Conclusions and plans
Do not be afraid to grow and change the usual workflows if they no longer meet the requirements of the situation, the current level of development of your project. Do not be afraid that the transition to the next stage of development of the project will certainly be too burdensome for you. If you really come to your own needs and do not clutch thoughtlessly at the first available solutions that you have heard about, then this road can be easily mastered even alone.
Although, of course, many may say: “Aha-aha, they have been supporting projects like Habrahabr and Nashe Radio for ten years, and here we are being rant about simplicity!”. Yes, indeed, in our age we have seen many different things. And, perhaps, this is precisely what helps us to distinguish the simple from the complex and not to step on too many rakes. But again, if at the very beginning it is reasonable to approach the task and select the right tools, without chasing “coolness”, then you can make your life much easier.
On the other hand, you should definitely bear in mind that the scheme described (and any other based on containerisation) implies that the project must be initially ready for such manipulations. The project should consist of full-fledged microservices, the state of which can not be saved, so that they are mobile and interchangeable. Within the framework of monolithic systems, the introduction of such an approach of integration integration seems to be much more labor-intensive and less comfortable in further application.
What are our future plans for the project?
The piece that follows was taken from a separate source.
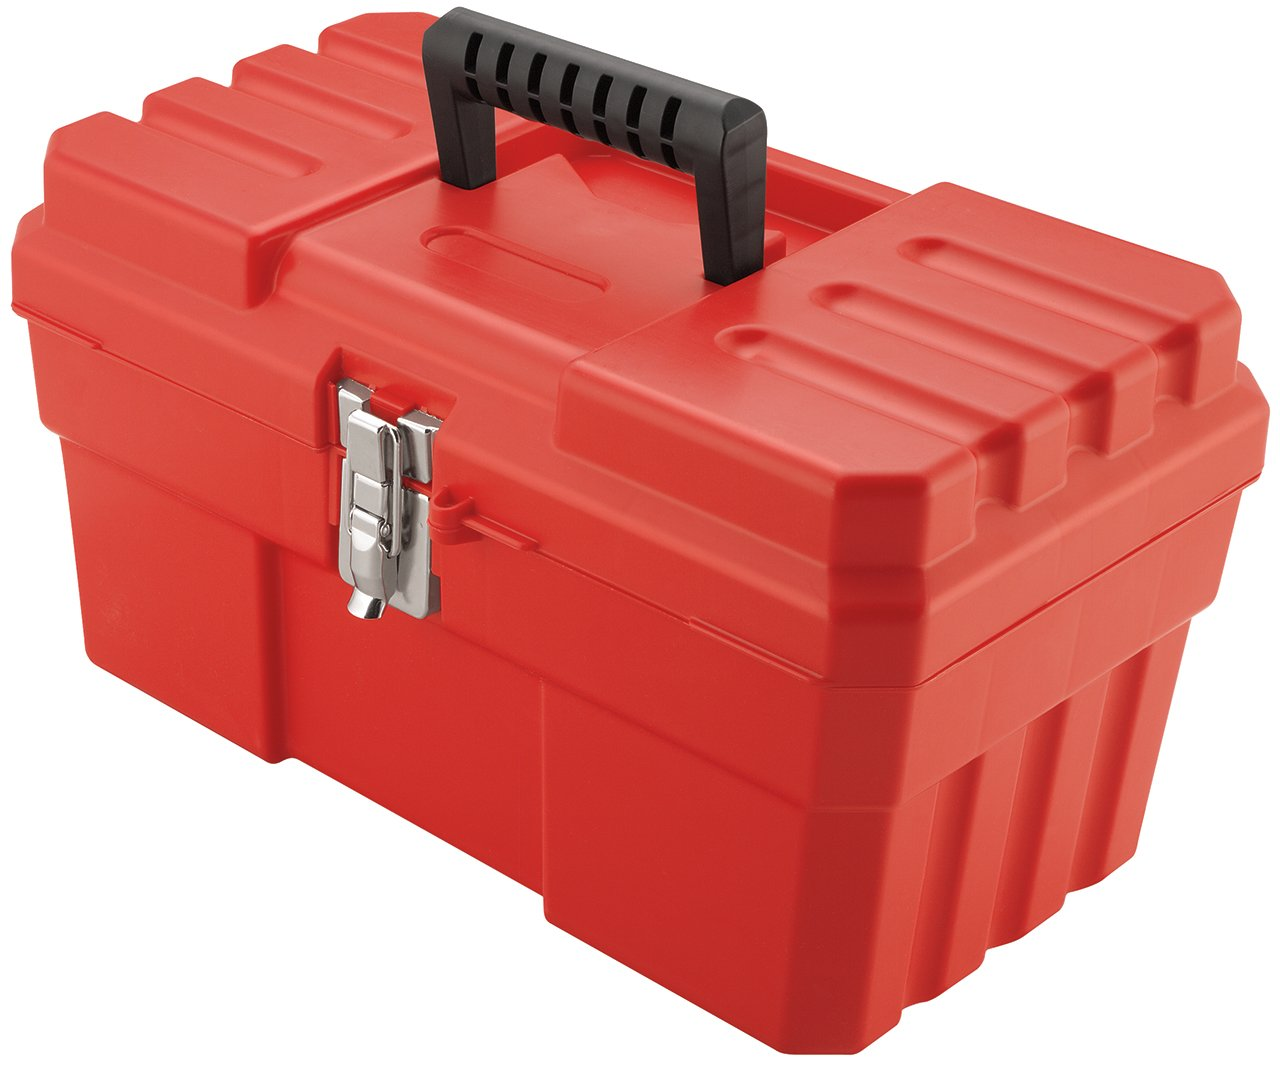 Akro-Mils 9514 14-Inch ProBox Plastic Tool Box, Red by Akro-Mils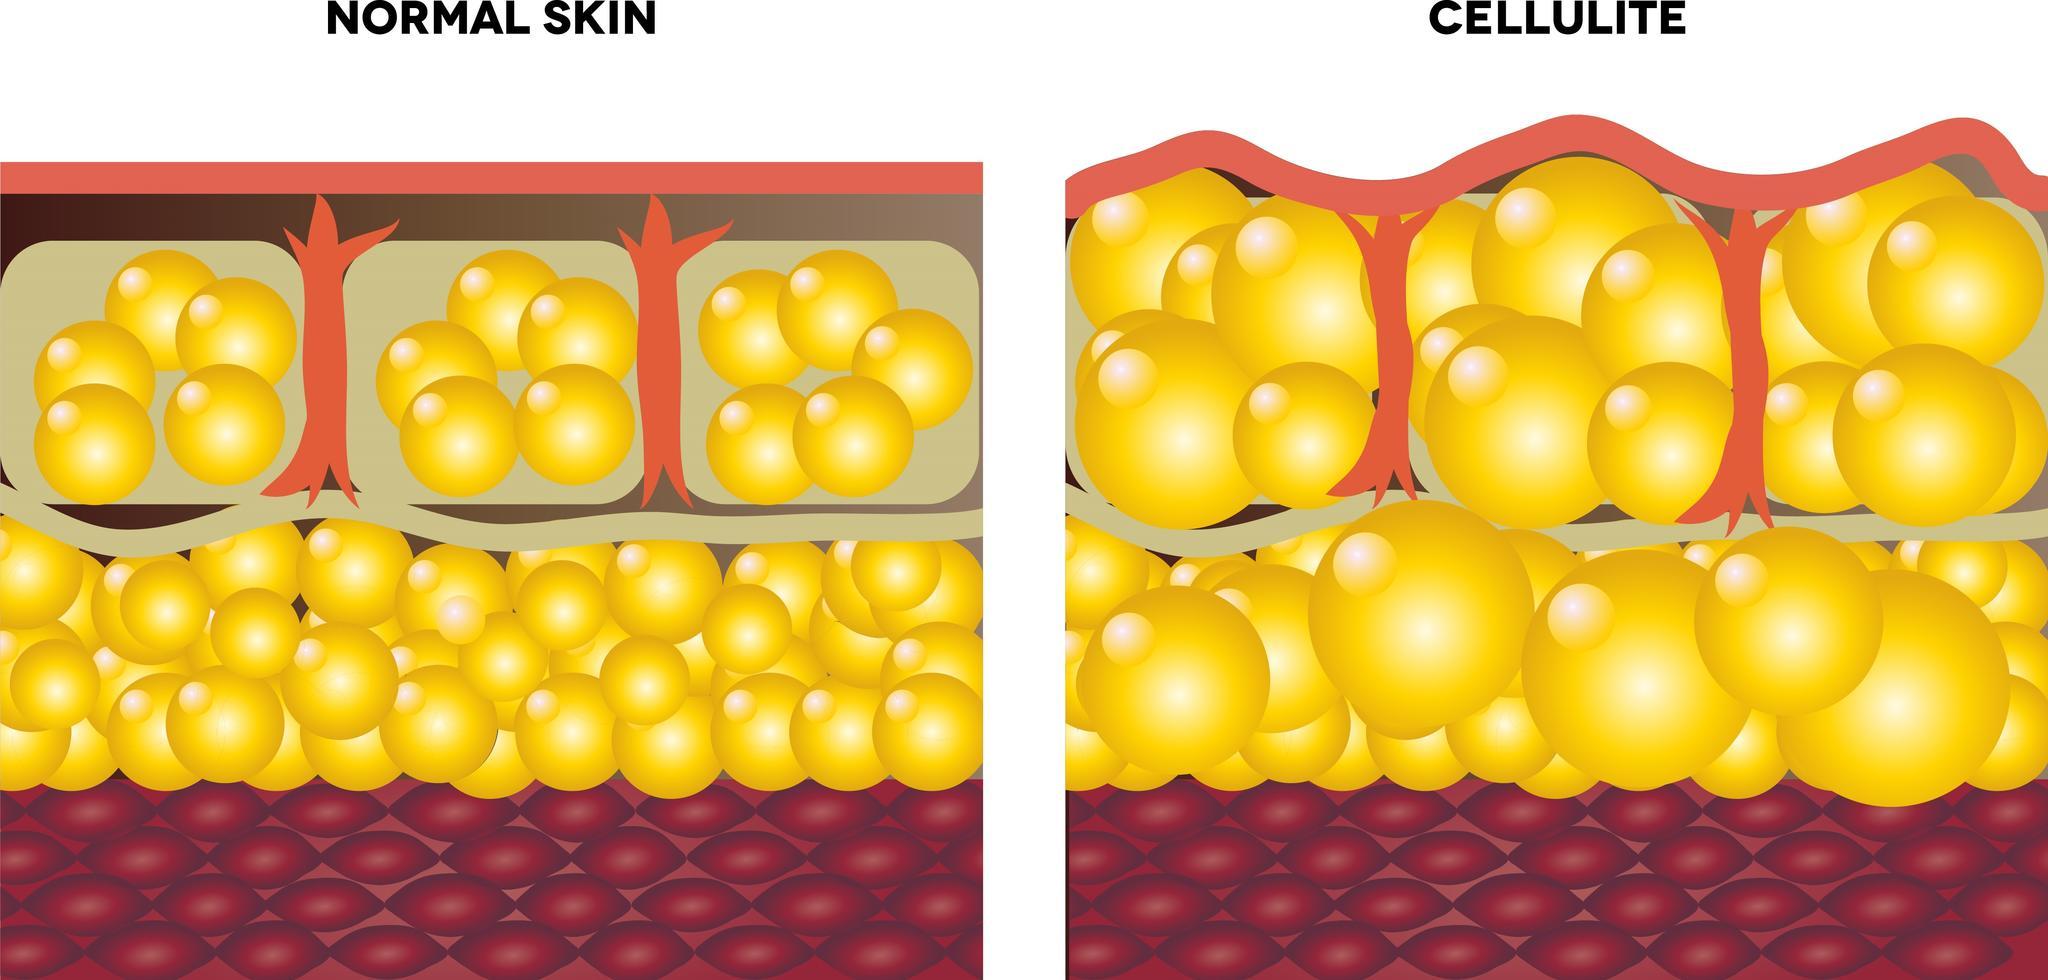 uitleg cellulitis

After the basic infrastructure has been established, there is a desire to connect to it also the Jira-based bugtracker so that when you roll out a new version into the prod from the Git repository, select data about requests for bugs, automatically close them and write to the release notes .
It also seems that the moment is approaching when it will be necessary to set up auto-scaling on the main working nodes, their total number is constantly growing, and saving on the number of active servers in hours of minimum load will help reduce costs.